III. L’EVOLUTION ET LE MODELE KARSTIQUE
Sous nos climats tempérés, les pays calcaires comme les Causses sont
affectés par une évolution toute spéciale dénommée évolution karstique. Le mot
KARST provient d'une région du Nord de la Yougoslavie, l'ISTRIE, formée de
plateaux calcaires au relief particulier, tout à fait original: cours d'eau encaissés dans
des cañons profonds, rivières souterraines réapparaissant par des résurgences,
grottes, cavités énormes ou avens, dépressions fermées sans écoulement apparent,
reliefs ruiniformes, falaises abruptes ...
Ce type de relief qui affecte les régions calcaires est à la prédominance de
processus qui conduisent à la dissolution du calcaire (qui est un carbonate de chaux)

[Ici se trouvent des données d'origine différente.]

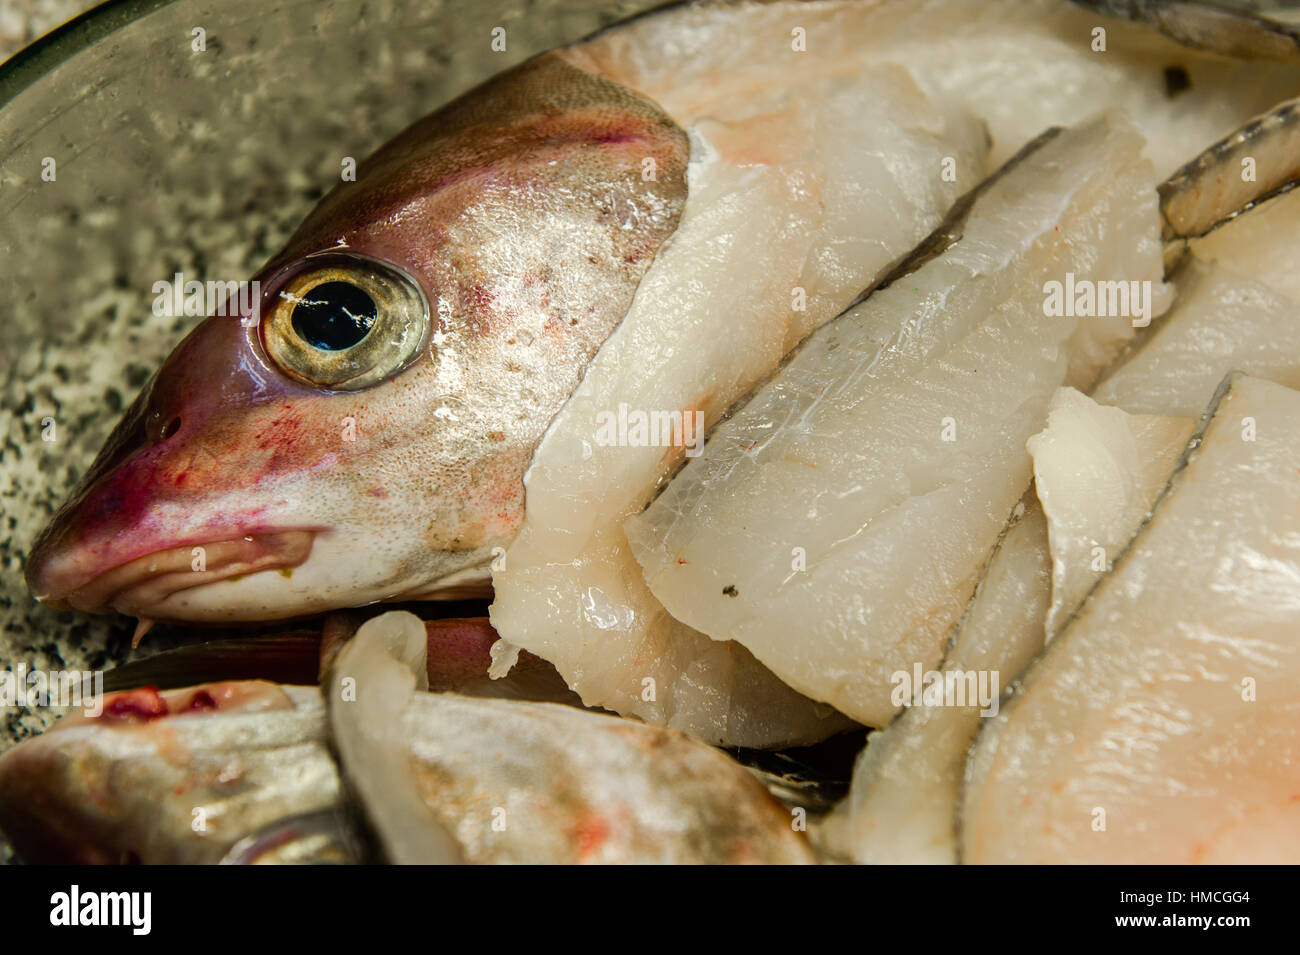 Haddock's head and fillets in a dish in a domestic kitchen. Stock Photo

par des eaux chargées de gaz carbonique (eaux de pluies et de ruissellement par
exemple). Ainsi les roches calcaires sont attaquées, rongées progressivement par
l'action de l'eau. Cette corrosion donne naissance à un ensemble de formes
caractéristiques appelé MODELÉ KARSTIQUE. Ce modelé a une propriété
fondamentale : on y rencontre aussi bien des FORMES DE SURFACE que des
FORMES SOUTERRAINES. Le Causse du LARZAC possède toutes les formes
propres au modelé karstique. Nous décrirons d'abord les FORMES DE SURFACE
que l'œil perçoit et enregistre d’abord.
Les lapiez (Iapies ou lapias) sont des cannelures ou des ciselures ou des
rainures affectant la surface des roches calcaires et dues à la dissolution du
carbonate de calcium par les eaux de ruissellement. Elles peuvent être recouvertes
par la terre (Karst couvert) ou apparaître en surface. Selon la nature ou le grain du
calcaire, le mécanisme du ruissellement, on peut rencontrer des lapiez à cannelures,
à rigoles, à arêtes, à pointes. Les dimensions de ces formes varient de 1 millimètre à
plusieurs mètres, les plus fréquents s'établissant autour du mètre.